Motion Prediction Abilities in Autism Spectrum Disorder

Thursday, May 12, 2016: 5:30 PM-7:00 PM
Hall A (Baltimore Convention Center)
K. B. Schauder1, W. J. Park2, O. Kwon2, D. Tadin2 and L. Bennetto1, (1)Clinical and Social Sciences in Psychology, University of Rochester, Rochester, NY, (2)Brain and Cognitive Sciences, University of Rochester, Rochester, NY
Background: Individuals with autism spectrum disorder (ASD) prefer routine and have difficulties in unpredictable situations (e.g., social interactions). Emerging theories suggest that an underlying prediction impairment may contribute to ASD (Van de Cruys et al., 2014; Sinha et al. 2014). Prediction occurs at various information processing levels, making this account appealing to understanding ASD at a mechanistic level. However, it is crucial to determine the nature and extent of this impairment empirically. One ubiquitous type of prediction that has been studied in typical development is motion prediction, which requires estimating future object position based on experienced sensory information. Real world examples include predicting when a moving car will emerge from a driver’s blind spot and knowing when to swing at a baseball. Motion prediction abilities have not yet been assessed in ASD.

Objectives: To investigate motion prediction abilities in ASD.

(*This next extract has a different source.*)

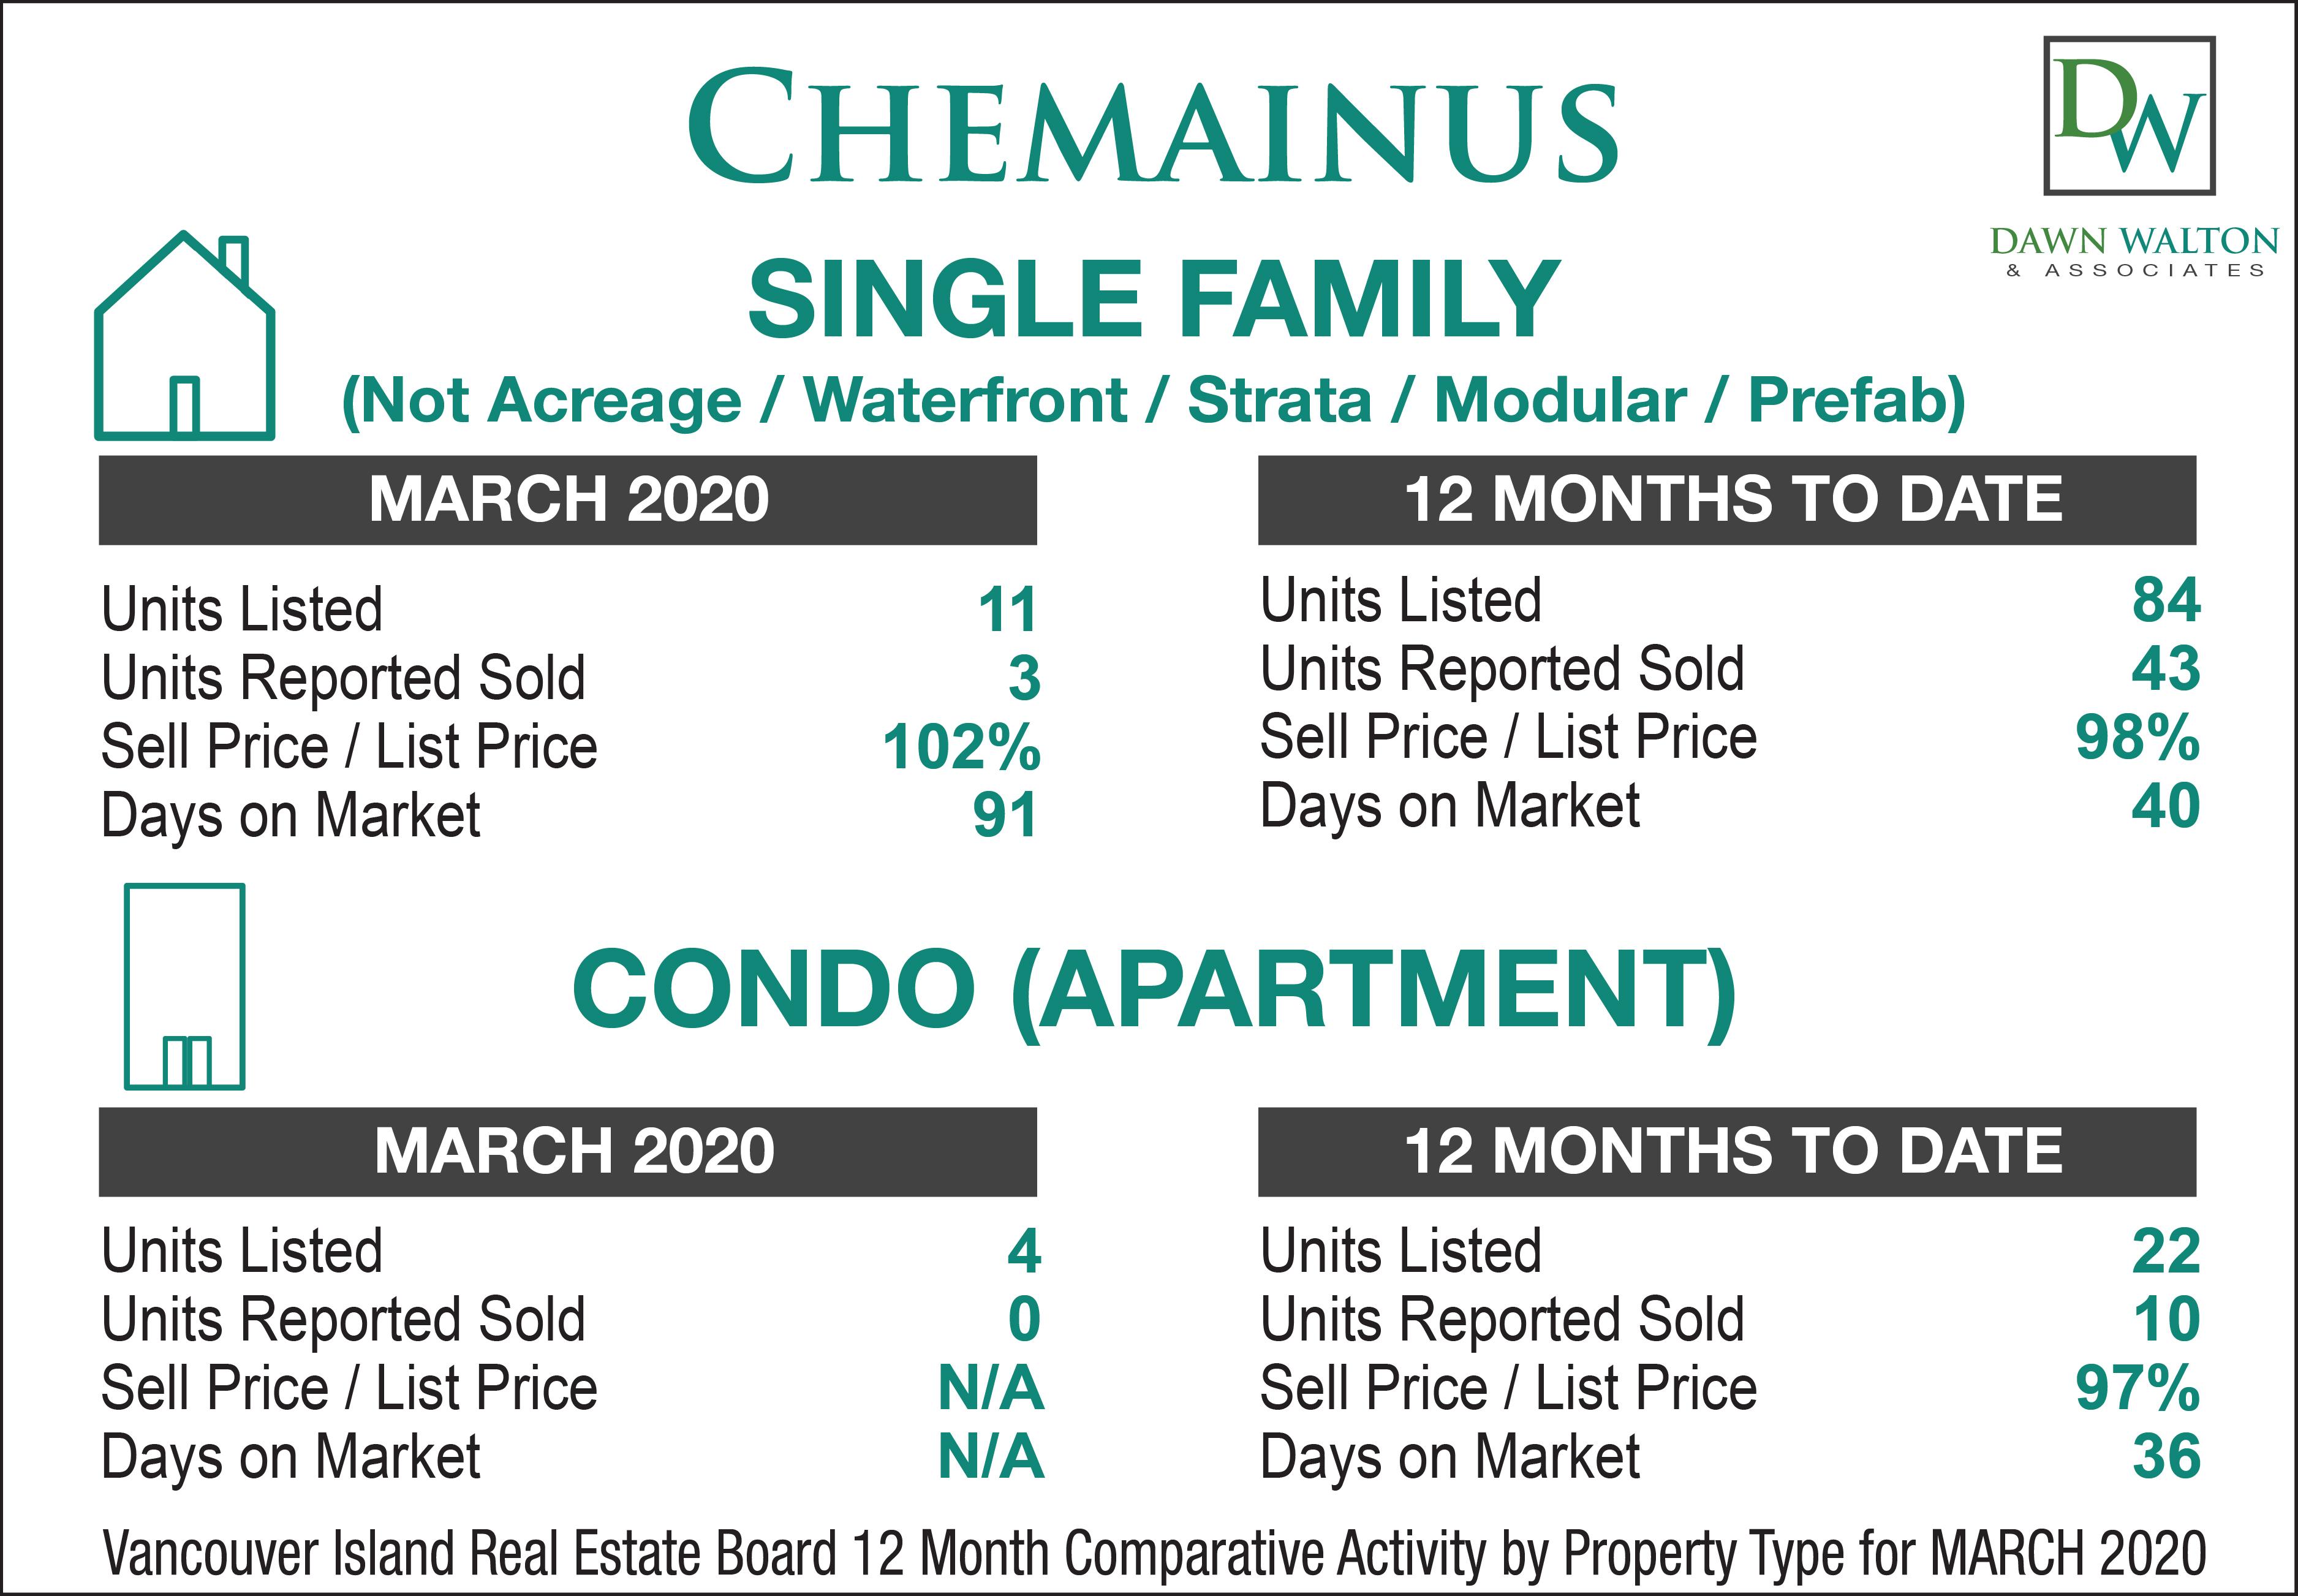 Chemainus Real Estate Market Stats March 2020 - Nanaimo Realtor Dawn Walton

Methods: 20 children and adolescents with ASD and 20 age- and IQ- matched typically developing (TD) controls completed a standard motion prediction task. Participants viewed an object that moved across the screen and disappeared behind a visual occluder; their task was to press a button when they thought the object had arrived at the visual target at the end of the occluder. Speed of object motion (10-20 deg/sec) and occluder length (0.5-20 deg) varied independently across trials, which together determined occlusion time. Mixed Model ANOVAs were used to examine effects of occlusion time and diagnostic group on three common measures of prediction ability. Constant error represents the difference between participants’ estimate and the actual time to target, with negative values representing a bias to respond too quickly. Absolute error represents the discrepancy between actual and estimated time to target contact irrespective of under- or over- estimation. Variable error is the standard deviation of the individual’s constant error, representing consistency of estimations across trials.

Results: For all three measures, there was a main effect of occlusion time indicative of increased error as prediction demands increase (all p’s < .001). For constant error, there was a significant group x occlusion time interaction (F(9,38) = 3.22, p< .05), in which the ASD group underestimated the stimulus’s arrival to the target more than the controls at the longest occlusion times (> 1s). However, for absolute and variable error, group differences and group x occlusion time interactions were not significant.

Conclusions: Overall, individuals with ASD did not differ from those with TD in their abilities to estimate the time to target contact of a moving stimulus, suggesting that motion prediction abilities are not generally affected in ASD. However, greater underestimation in ASD at the longest occlusion times may represent a systematic bias or particular kind of prediction deficit at occlusion times longer than one second. Ongoing analysis of eye tracking data from this task will provide additional insights into tracking strategies used to perform this task. Although prediction deficits are not robustly apparent in this nonsocial, laboratory task, future studies should examine prediction abilities in ASD in social and other higher level processing domains.